Chaque été, lorsque je débarque à Montréal, je tombe sur le festival Juste pour rire. Et quand j’écris « je tombe », je veux bien dire « tomber », comme dans « tomber de haut ». J’ai chaque fois l’impression que cette foire du rire a privatisé la moitié de la ville. J’imagine le jour où les douaniers m’accueilleront à Dorval avec un nez de clown, un gros rire bien gras et un petit bonhomme vert imprimé sur les formulaires de douane. Je suis toujours surpris de découvrir les centaines de pages que consacre une certaine presse, le plus souvent complaisante, à un événement qui, partout ailleurs, serait traité sur le mode mineur. Et je ne parle pas des heures et des heures de télévision qui sont autant de publicités gratuites destinées à estourbir le consommateur.

Cette année, le festival fête ses 30 ans. Ce pourrait être l’occasion de réfléchir à la place qu’occupe au Québec ce que l’on nomme, le plus souvent à tort, l’« humour ». Introduit par Voltaire dans la langue française, ce mot (venu du français et passé par l’anglais) désignait une plaisanterie fine teintée d’ironie.
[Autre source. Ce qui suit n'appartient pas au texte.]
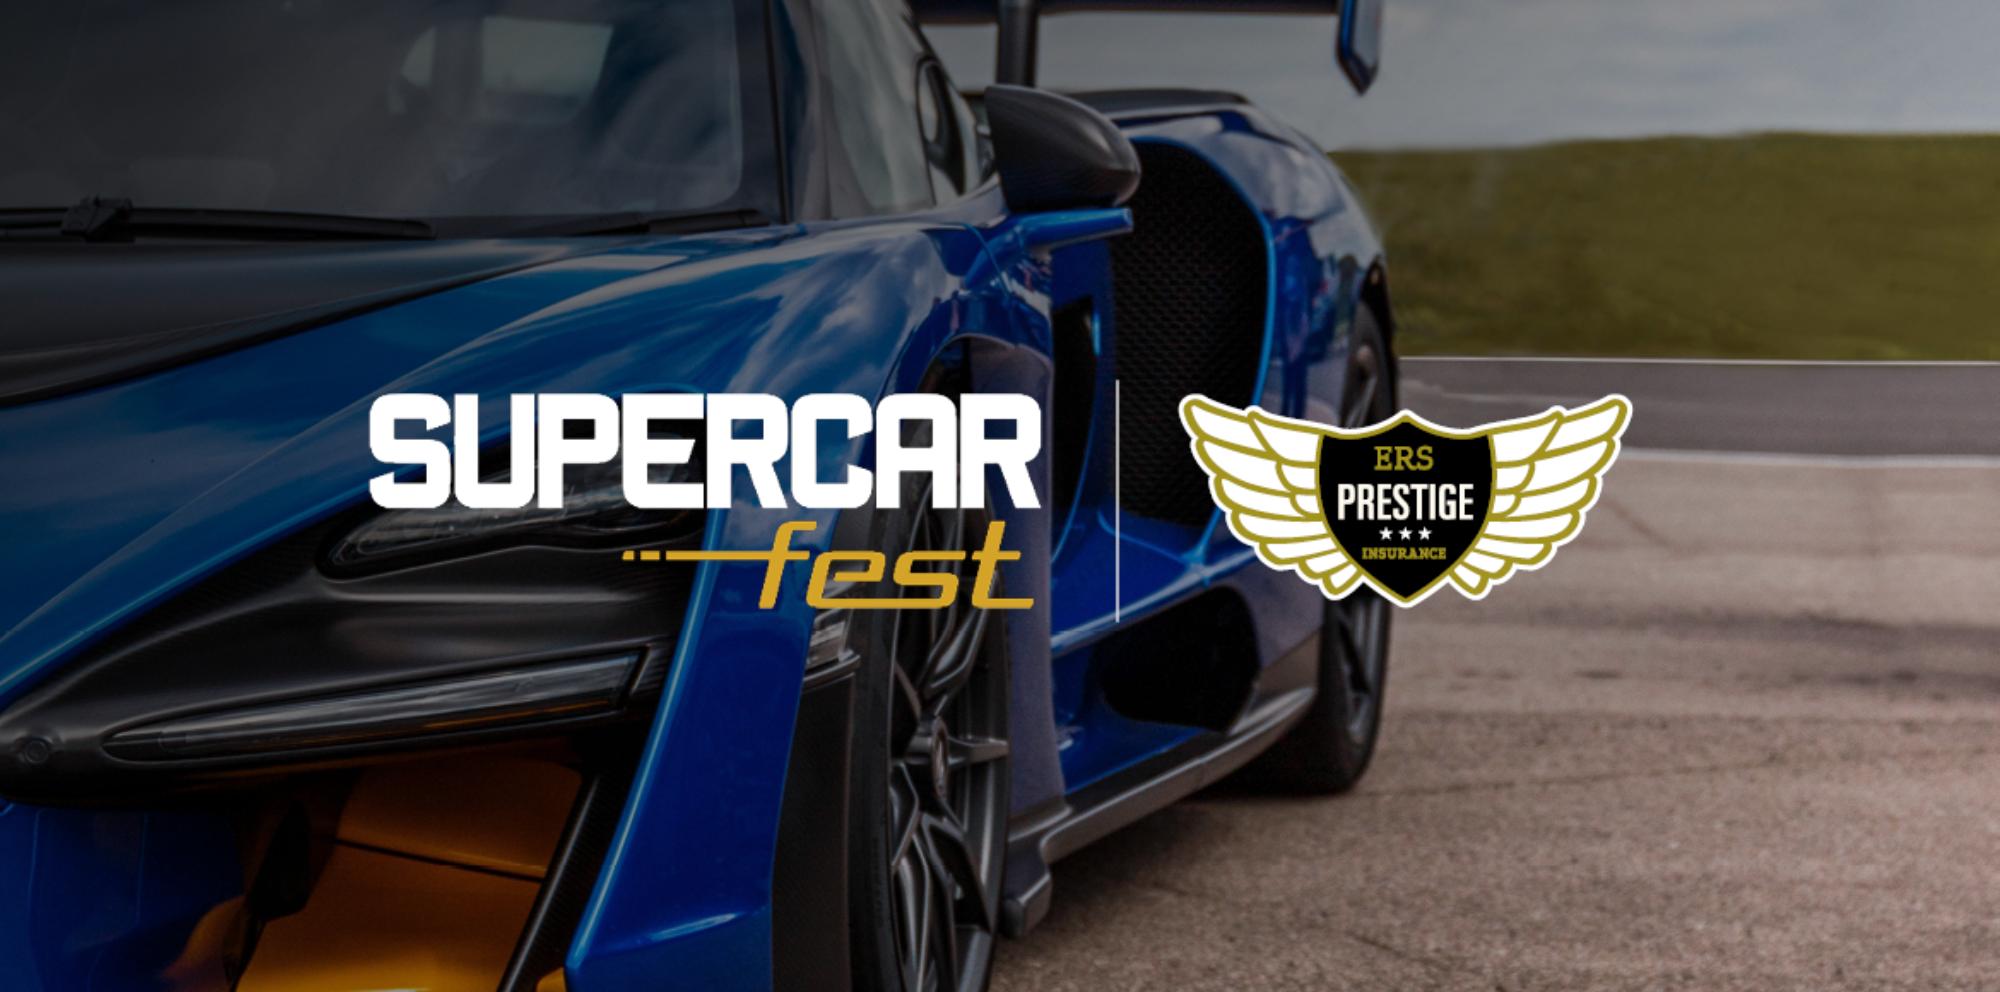 Blog Supercarfest

L’écrivain Chesterton l’associait même à une certaine humilité. Pour ces maîtres de la satire et de l’ironie, parler d’un festival de l’humour à Montréal relèverait du sophisme. La semaine dernière, j’écoutais un reportage sur les 30 ans du festival. Est-ce par crainte de passer pour un mauvais coucheur ou par servilité à l’égard des millions que rapporte l’événement, toujours est-il qu’il semblait plus difficile d’écorcher les grands manitous du rire qu’il ne l’était de critiquer nos évêques à l’époque dite de la « Grande Noirceur ».

Il y aurait pourtant tant à dire. Que l’on songe seulement à la place qu’occupaient il y a 30 ans ceux qui faisaient profession de faire rire. Les rares génies, comme Marc Favreau et Yvon Deschamps, officiaient à la Place des Arts. Des comédiennes exceptionnelles, comme Denise Filiatrault et Dominique Michel, avaient leur émission de télévision. Les autres se contentaient du Théâtre des variétés et des cabarets, ce qui n’était pas une honte. L’école était peut-être dure, mais c’était une école. Aujourd’hui, le premier venu a droit au tapis rouge. L’engeance a tout envahi et les deux tiers des spectacles sont qualifiés d’« humour ». Je me demande si, dans cette cohue, un Devos ou un Guimond arriveraient à exister. Même les émissions d’information ont leur comique de service, quand ce ne sont pas les journalistes qui font les plaisantins aux frais de la princesse. Or il y a une contradiction à prétendre être le fou du roi et à revendiquer la place du souverain. À partir du moment où le fou s’assoit sur le trône, n’y a-t-il pas quelque chose de pourri au royaume du rire ?

On me permettra de souligner deux conséquences actuelles de cette enflure que le Québec a poussées plus loin que partout ailleurs. La première, c’est la vulgarité qui, sans qu’on s’en aperçoive vraiment, est devenue omniprésente. C’est l’excellent satiriste Daniel Lemire qui le disait lui-même dans le reportage cité plus haut. Quand il a commencé, on lui recommandait d’éviter les sacres et les gags vulgaires, disait-il. Et Lemire de conclure : « Aujourd’hui, si t’en a pas, ils t’en rajoutent ! » On peut citer de prétendus comiques qui, dans une course effrénée à la provocation, consacrent des numéros entiers à explorer toutes les ressources humoristiques de la sodomie ou de la pédophilie.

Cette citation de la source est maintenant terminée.